Kofuku squirmed impatiently in his arms. "Yeah, yeah! I'll keep control of my destructive aura, blah blah blah, now let me go so I can kick some ass at carnival games!"

Daikoku's misgivings were written all over his face as he set Kofuku down. No sooner had her feet touched the ground than she was hurtling toward the ticket booth like a heat-seeking missile.

"We probably shouldn't leave those two alone," Yukine said. Daikoku nodded grimly.

: : :

Once inside the park, Yato dragged all of them to the first open ride: a brightly colored choo-choo train made up of six cars, which seemed to be designed to seat humans no more than three or four feet in height.

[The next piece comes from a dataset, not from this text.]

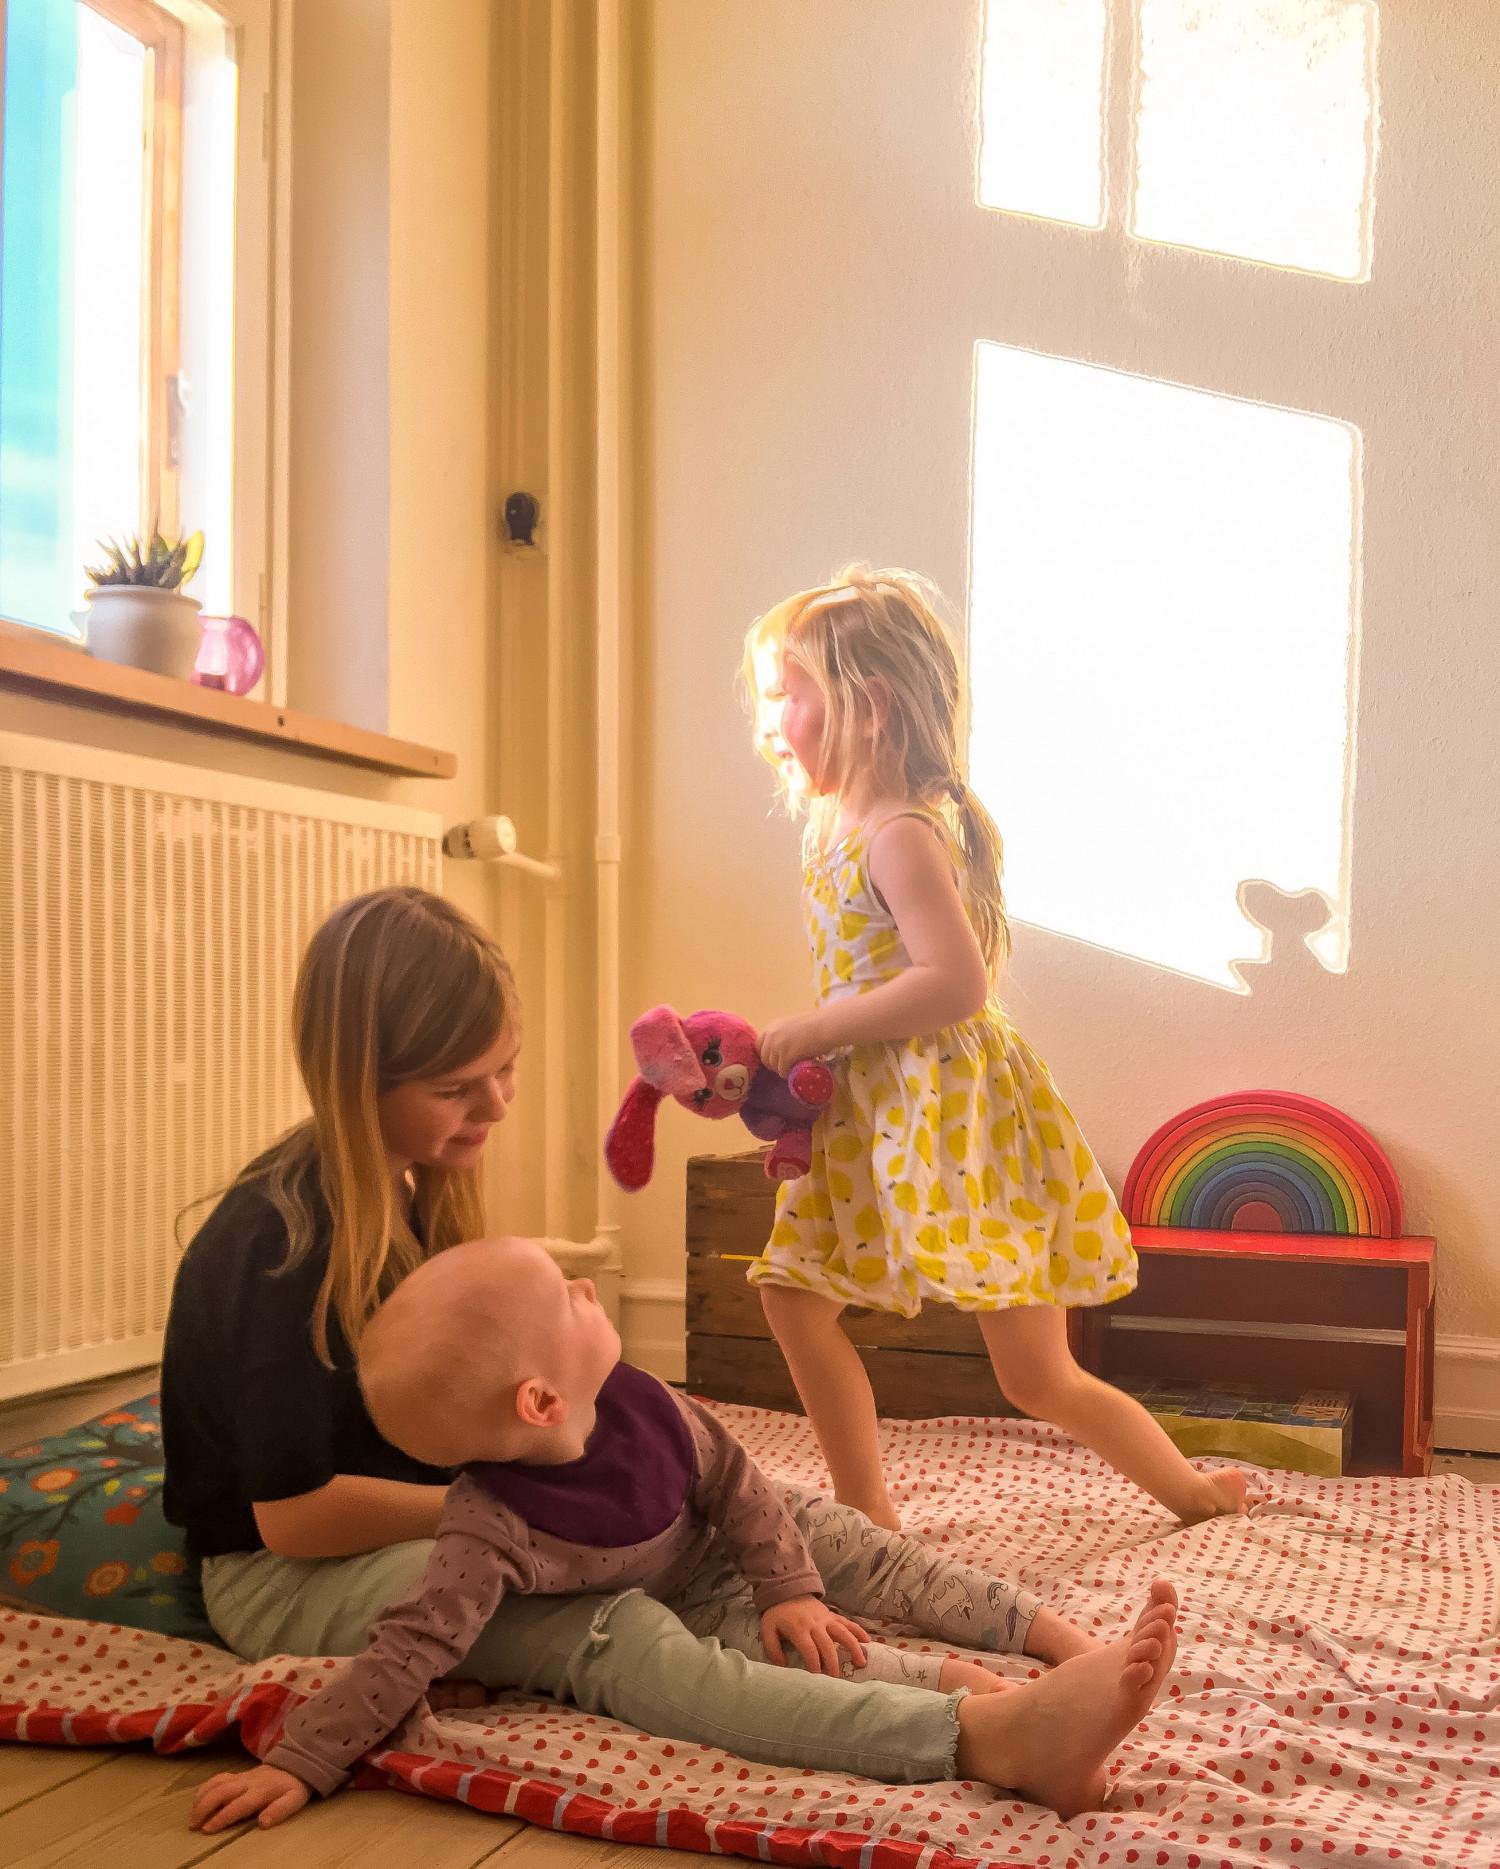 deleværelse eget værelse søskende børn samsovning legeværelse

"This is a ride for toddlers," Yukine explained patiently, as they got into line behind a family of four. "You won't fit."

"But look!"

Yato pointed at the train winding at a leisurely pace through a forest of miniature trees and waterfalls. At a point near the end of the ride, the train passed right by a real live capyper in a conductor's uniform, who held up his big gloved hand to give all the riding kids a hi-five as they passed.

"His hand must be sore," Hiyori said in concern.

Yato would not be dissuaded. "Yukine. We have to. You and Hiiro can share a car because you're small. Hiyori will ride on my lap—"

"I'll what?"

"—and Kofuku and Daikoku will stay out here, because we don't want anyone getting hurt!"

Kofuku took loud umbrage with this arrangement, but Daikoku scooped her up and walked toward the courtyard full of food kiosks, knowing that her wounded feelings could be quickly and thoroughly mollified through a generous application of frozen yogurt.

Although Yato, Yukine, and Hiiro slid across the ride operator's gaze like mere shadows, he gave Hiyori a sideways glance when she presented her wristband.

"Are you here with your kid?"

"Um." She glanced at Yato in a panic. He shrugged unhelpfully, his eyes already wandering back to the conductor capyper. "Not…really?" she replied.

"Huh. Okay, then! Have fun."

The operator double-checked her wristband and Hiyori slid through the gate, blushing fiercely.

"You could have left your body somewhere," Yukine reminded her. "Then you wouldn't have to deal with...all that."

"I like to play it safe," she said, wincing as the ride operator and several parents stared at her with open curiosity.

Hiiro and Yukine only just managed to fit into one car. He sat behind her, arms resting on either side of the car as she stepped in front of him and settled between his knees. Behind them, Yato and Hiyori were maneuvering the logistics of their own vehicle, which involved a good bit of intricate gymnastics and some swearing on Yato's part.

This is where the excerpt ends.